Task data.

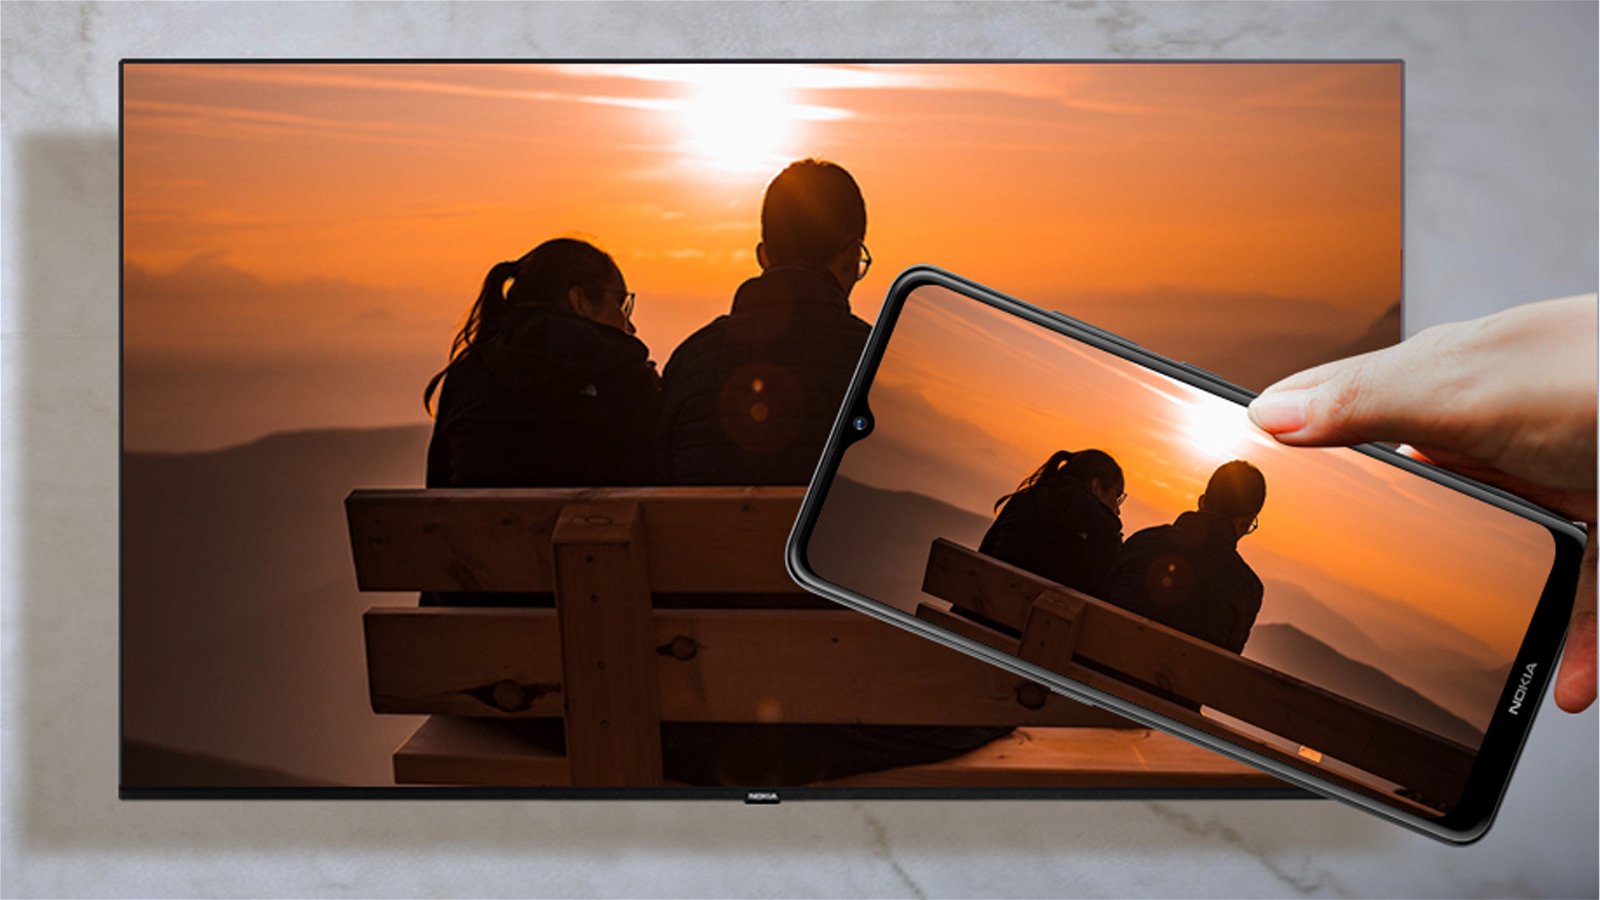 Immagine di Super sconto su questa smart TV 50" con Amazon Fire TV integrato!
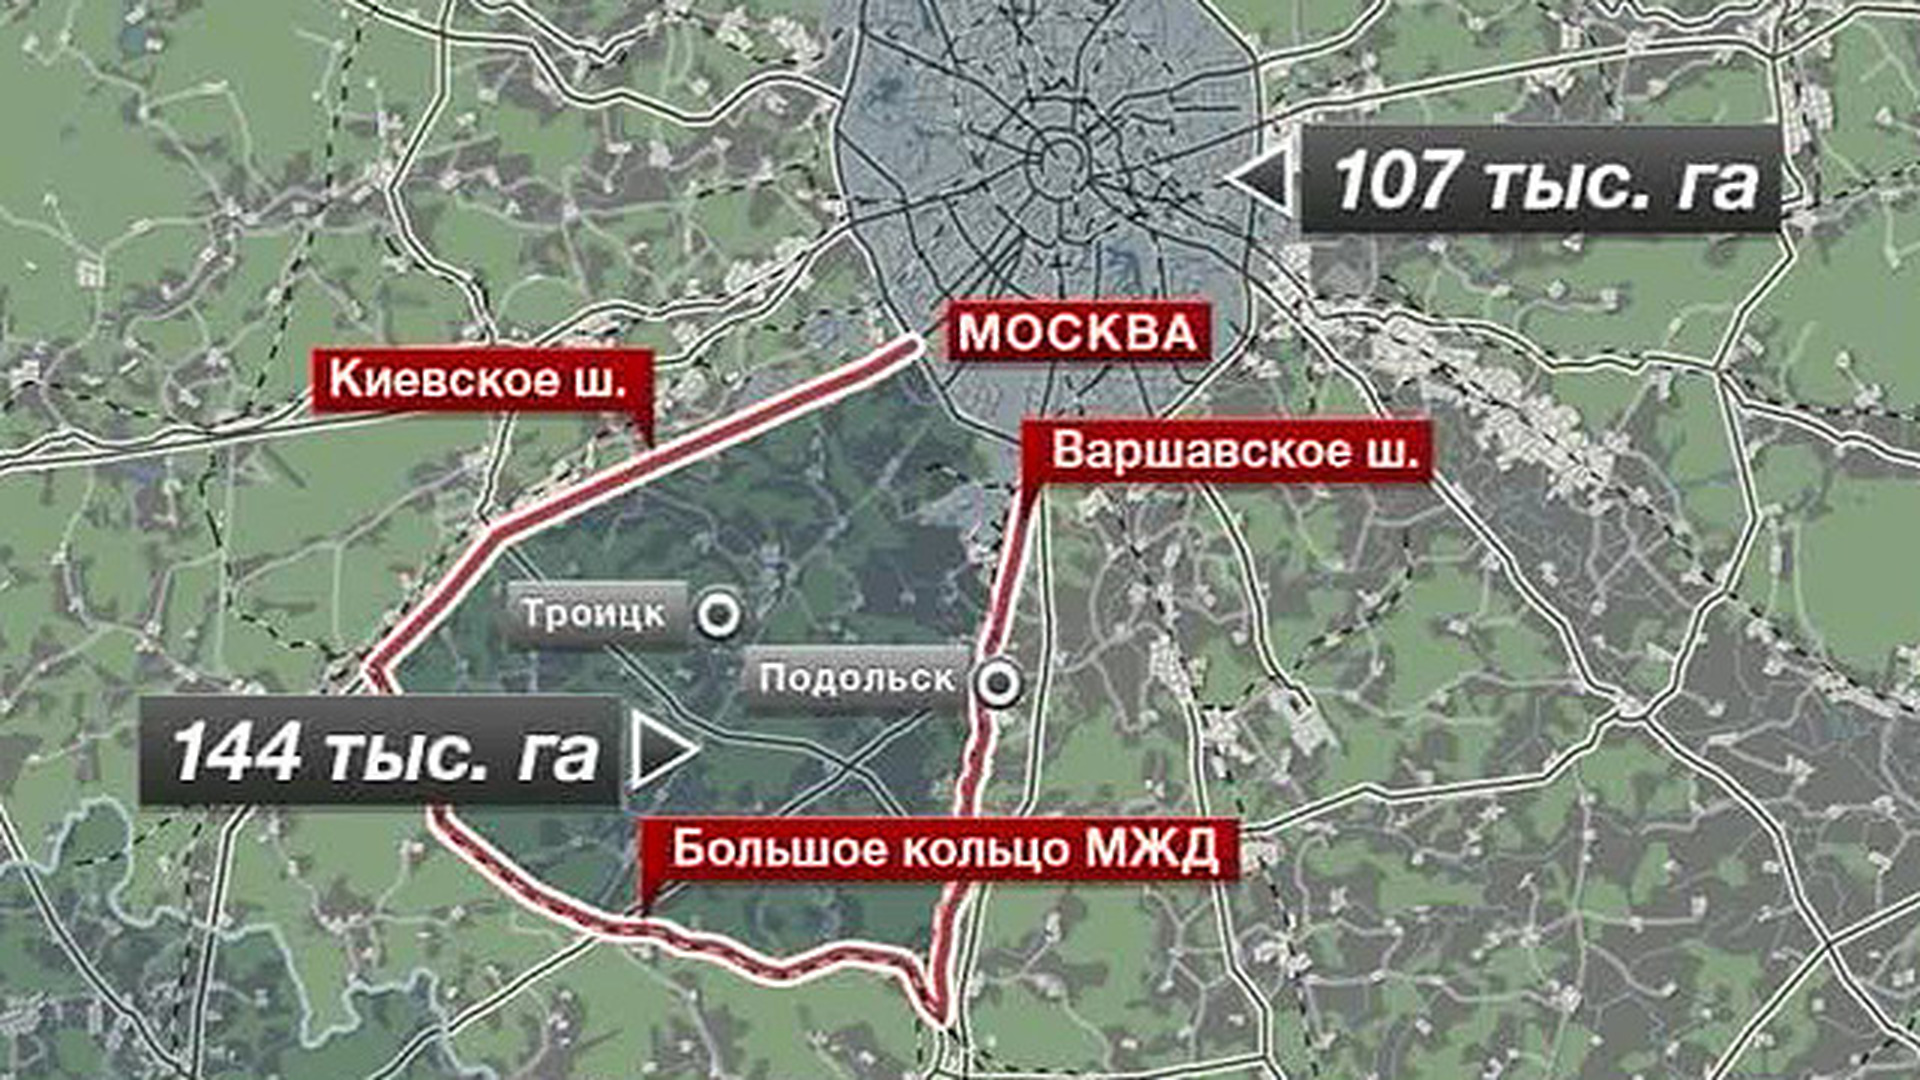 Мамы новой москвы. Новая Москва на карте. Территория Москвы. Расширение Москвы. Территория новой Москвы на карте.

---

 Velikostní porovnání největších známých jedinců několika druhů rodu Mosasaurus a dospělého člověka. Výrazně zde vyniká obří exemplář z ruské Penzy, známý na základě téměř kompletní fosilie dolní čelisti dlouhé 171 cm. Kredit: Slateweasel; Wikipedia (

---

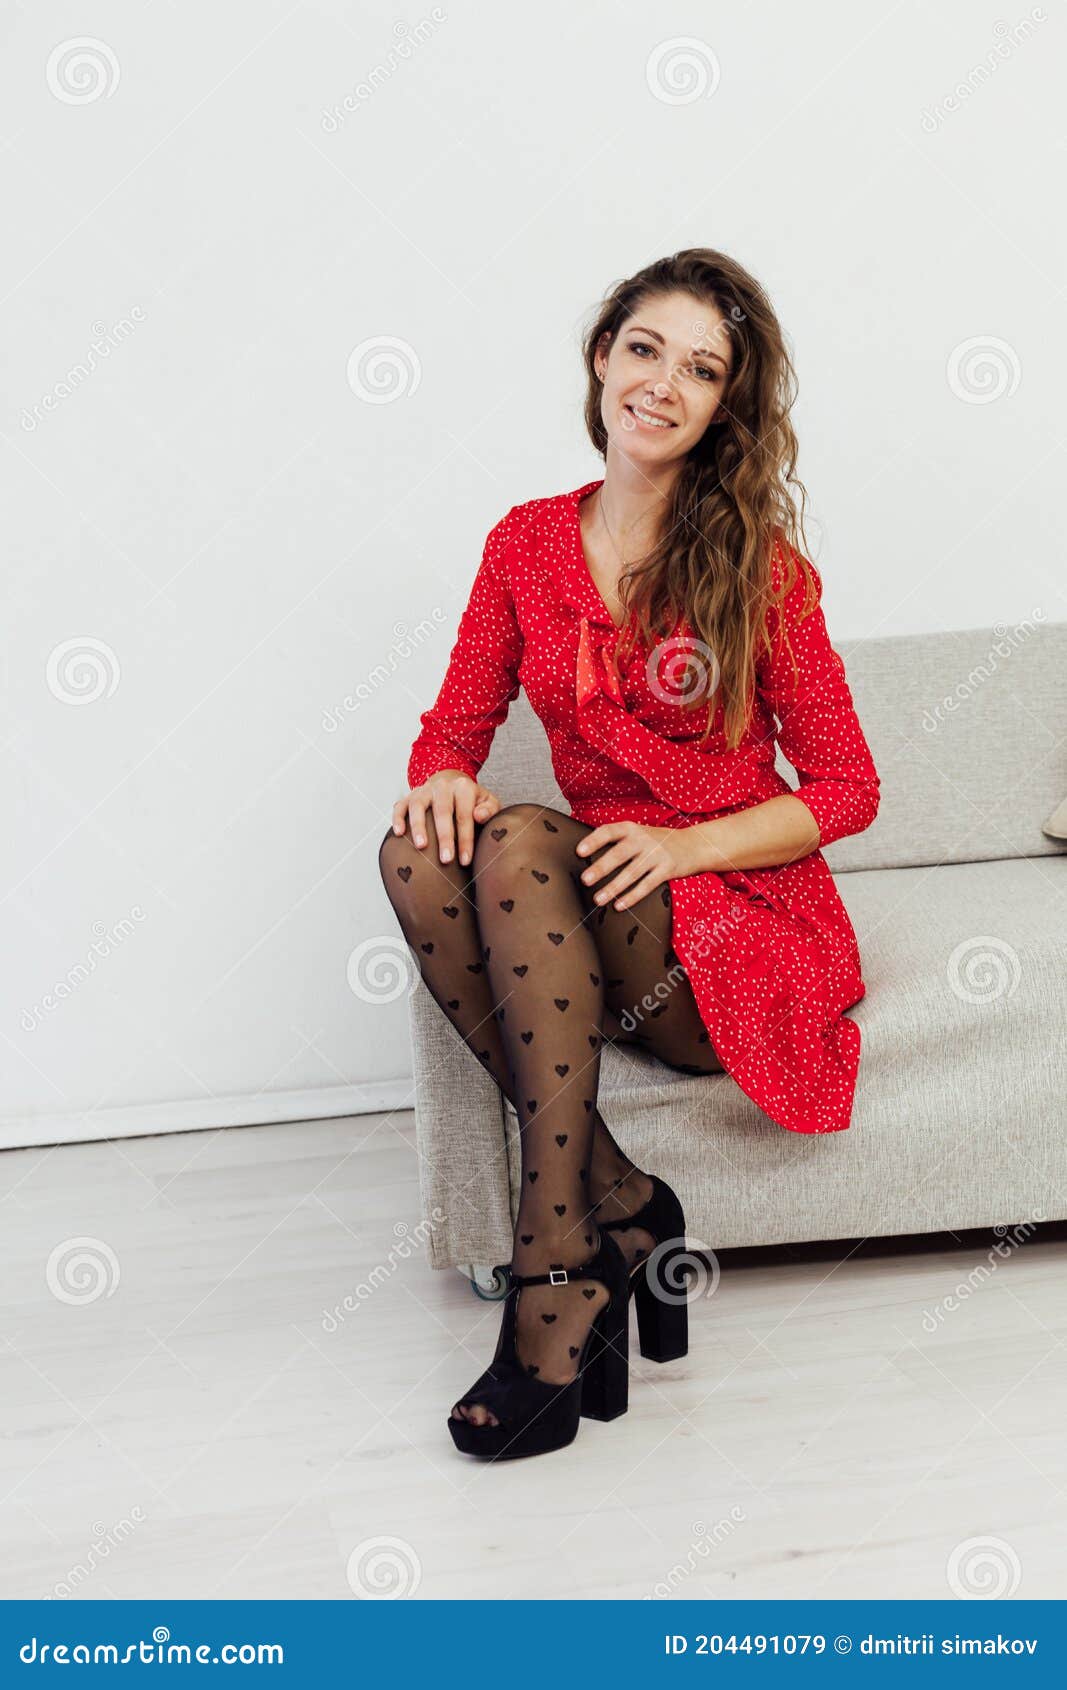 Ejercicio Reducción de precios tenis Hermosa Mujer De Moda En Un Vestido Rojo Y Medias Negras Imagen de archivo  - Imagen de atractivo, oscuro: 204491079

Try it.
Because only one stretch of the records is wanted, please output the lines from the one holding "Immagine di Super" through the one holding "Мамы новой москвы." exactly, both included, and leave every picture out.

Final answer.
 Immagine di Super sconto su questa smart TV 50" con Amazon Fire TV integrato!
 Мамы новой москвы. Новая Москва на карте. Территория Москвы. Расширение Москвы. Территория новой Москвы на карте.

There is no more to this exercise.